I do know that panhandlers do make a big economic difference. There are stores near where I go to church and where I live that would be very convenient to patronize but I will not spend money there because every time I do, there are panhandlers just outside the door.

Posted by: Mike Johnson | September 10, 2008 11:15 AM

4

Agree with SK. Evidence shows that most beggars do not spend all day begging for money. Instead, they beg only until they have enough to pay for their next meal/drink/hit. You never want to have extra cash on you, because it is too easily stolen.

Posted by: Scott de B. | September 10, 2008 1:08 PM

5

Why is it surprising that people with all the power in the dictator game are still rather generous, and give away about one-third of the total amount of money? I knew nothing about the game, nor the results, but I would have guessed that people would share.
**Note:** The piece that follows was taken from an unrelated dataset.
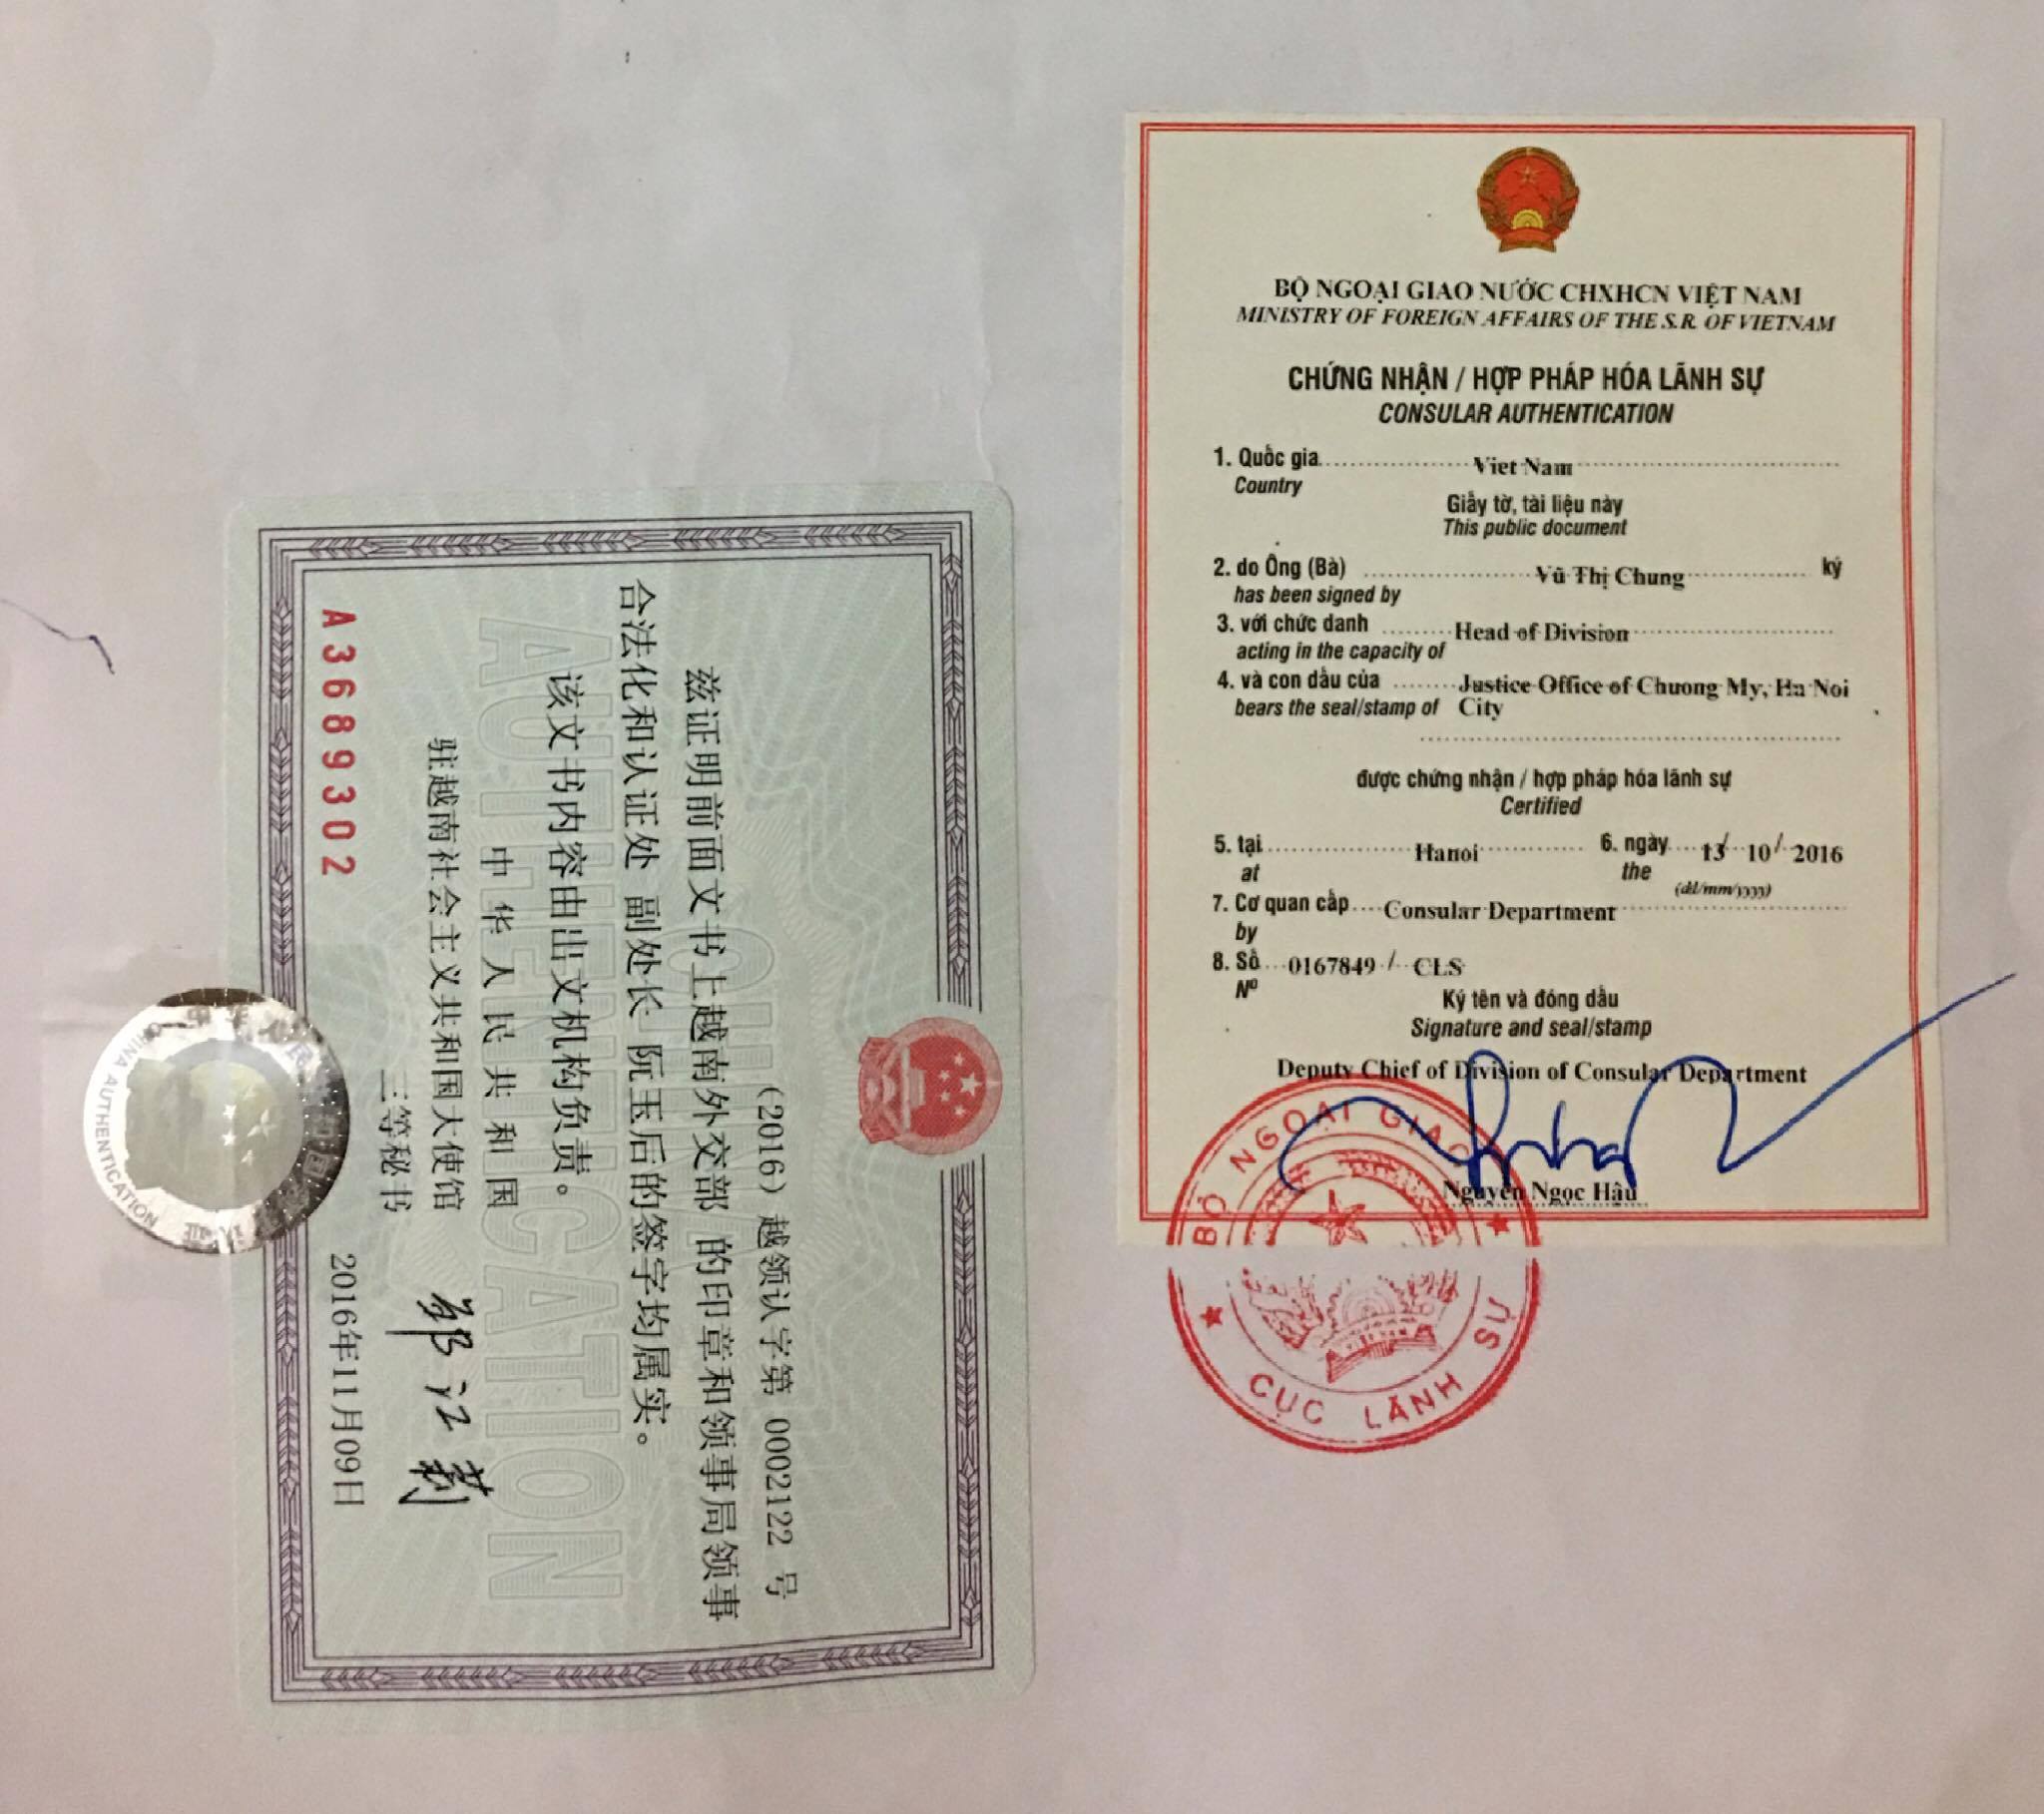 Hợp pháp hóa lãnh sự | Thủ tục kết hôn với người Trung Quốc

Perhaps those immersed in evolutionary psychology do not think human behavior amoral, but rather assume it to be immoral. I often get the picture that their bias goes beyond a perfectly appropriate amoral perspective. Their bias is toward the immoral and this seems to inhibit their capacity to ever recognize generous human behavior, that is not brutish or selfish, as advantageous.

Posted by: Korey | September 10, 2008 1:30 PM

6

If people has the way out, I don't think they are out there begging. Nowadays, a lot of employer own employee's money and made people cannot survive. You don't have such experience. Try go on the street for a day. You will know.